His trip to New York required a lot of traveling. He crossed the border from Ciudad Juarez with a coyote who was leading a group of illegal immigrants to the airport in San Diego. There, Hernandez took an airplane to Chicago and from there rode the train to New York. In New York, he began to work as a cook and his economic situation became better for him. He worked hard to send money to his family back home.
He has been deported once when he lived in New York. Hernandez’s friend had an argument with a Puerto Rican who called immigration on the illegal immigrants working in the restaurant. Hernandez and the friend were the only ones to be deported back to Mexico.
Hernandez waited a few months to attempt to cross the border again, determined to finally stay in the States.
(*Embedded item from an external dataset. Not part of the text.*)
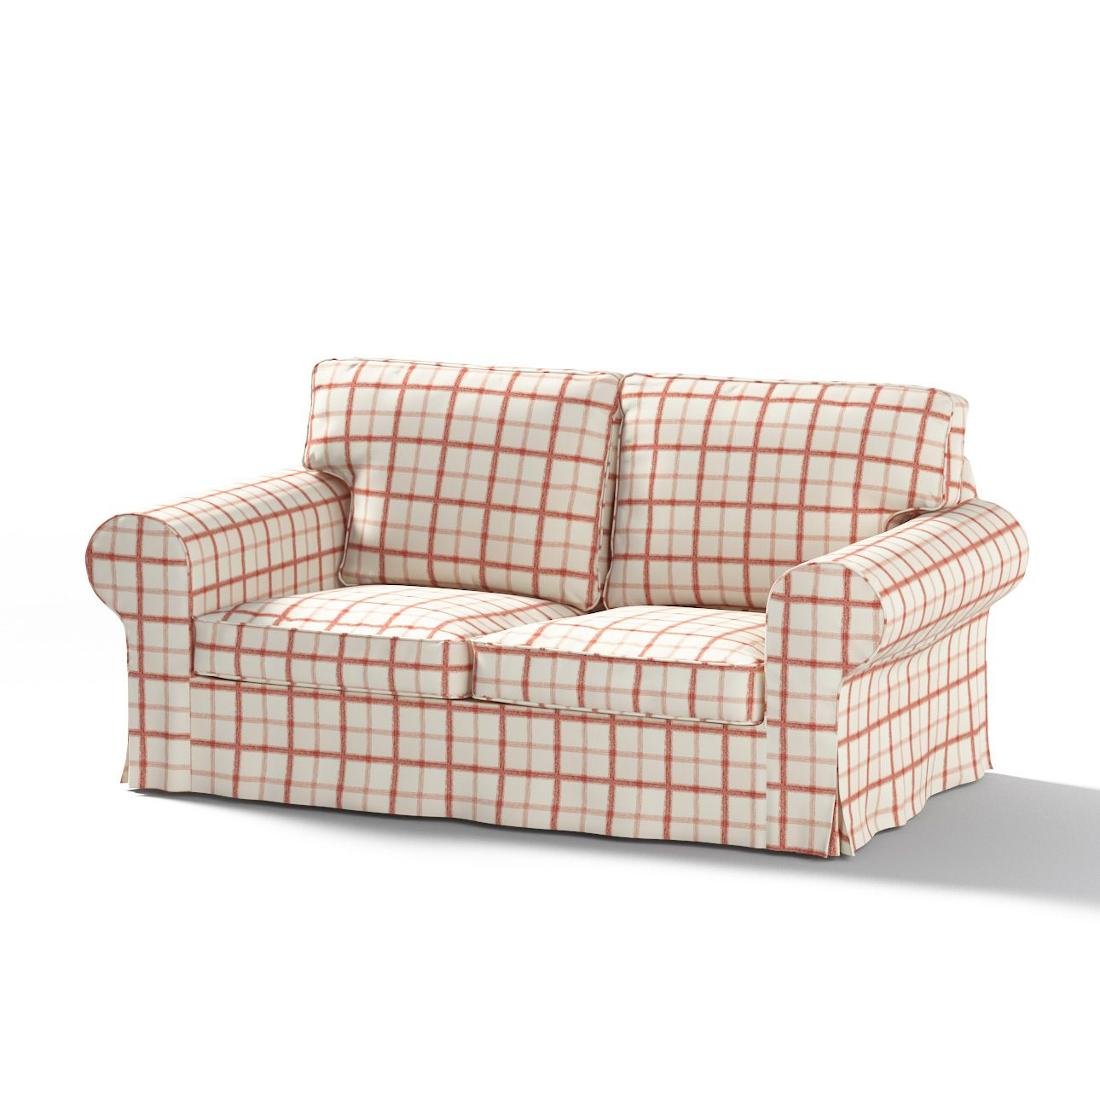 Dekoria Pokrowiec na sofę Ektorp 2-osobową rozkładaną model po 2012 ecru tło czerwona kratka 200 x 90 x 73 cm Avinon 1016-131-15

He adjusted to life in the United States quickly by eating unfamiliar food although he bought Mexican foods such as chiles from a store called Casa Moneo, a Spanish store that sold imported food from Spain.“Although there probably was [tortillas], we didn’t know… [Casa Moneo] also sold lots of Mexican food; I used to go there for beer when it was not widely available. That is where we bought out tomatoes and chiles.”
He lived in various places in New York when he arrived, like in Delancey Street where he resided for three weeks, then moved to El Barrio, then the Upper West Side, then the Bronx and finally to Harlem.
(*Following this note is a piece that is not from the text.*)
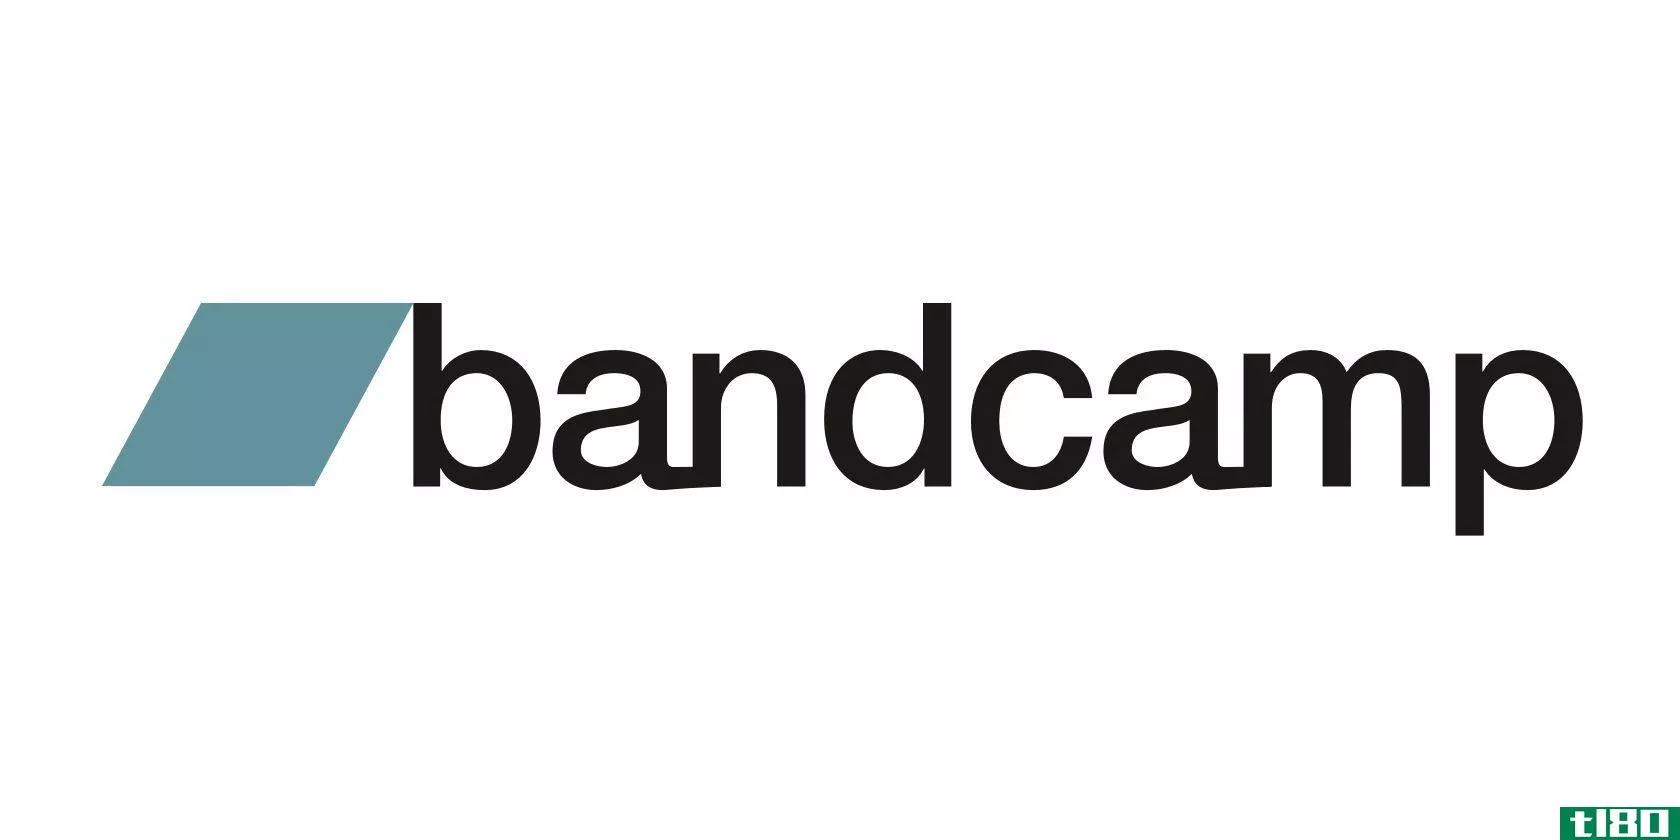 什么是bandcamp friday？它是如何工作的？

When he lived in El Barrio, Hernandez met his two Puerto Rican neighbors, Maria Mercedes Gutierrez and her sister Cecilia. Despite Hernandez being married in Mexico and his family residing there, Hernandez and Gutierrez got married in1979. Hernandez’s distant relatives who resided in New York knew about Hernandez’s affair and told relatives who lived in Oaxaca where his wife and kids found out about his infidelity.
He, however, did not plan to marry in the United States. “I didn’t think I was going to marry again. I married because I was still illegal and Maria Mercedes wanted to help me fix my papers.”
Although he has lived in New York for a long time, he has never experienced any racism. “I have never suffered from that. Many times people tried to rob me. Gangs were [outside of the building] when I came from work because I worked at night time,” he said.
He added, “One day they were trying to rob me, but they didn’t say anything to me. I came home safe. Two or three times they tried to rob me, but nothing has happened.”
Hernandez lives a simple life and follows the same routine everyday. “He wakes up early in the morning at 5 o’clock and turns on the radio to play Mexican songs. I got used to it. He has a schedule and he follows it,” Gutierrez said.
When asked if they get along with each other, Gutierrez said, “Yes, we get along, but we live our lives separately.” She refers to not spending time with each other mostly because Hernandez spends more time at his family’s households (his children whom he left back in Oaxaca) on the weekends and on holidays although they live together in the same household.
Now 79-year-old Hernandez has retired from his job as a pizza cook and stays at home, watching TV, going to his regular checkups and going outside for long walks. He has seven children living in New York and currently lives with his two youngest daughters and his wife. But, he says, “I plan to go back to Mexico. I plan to stay over there. I don’t plan to die here and be here.”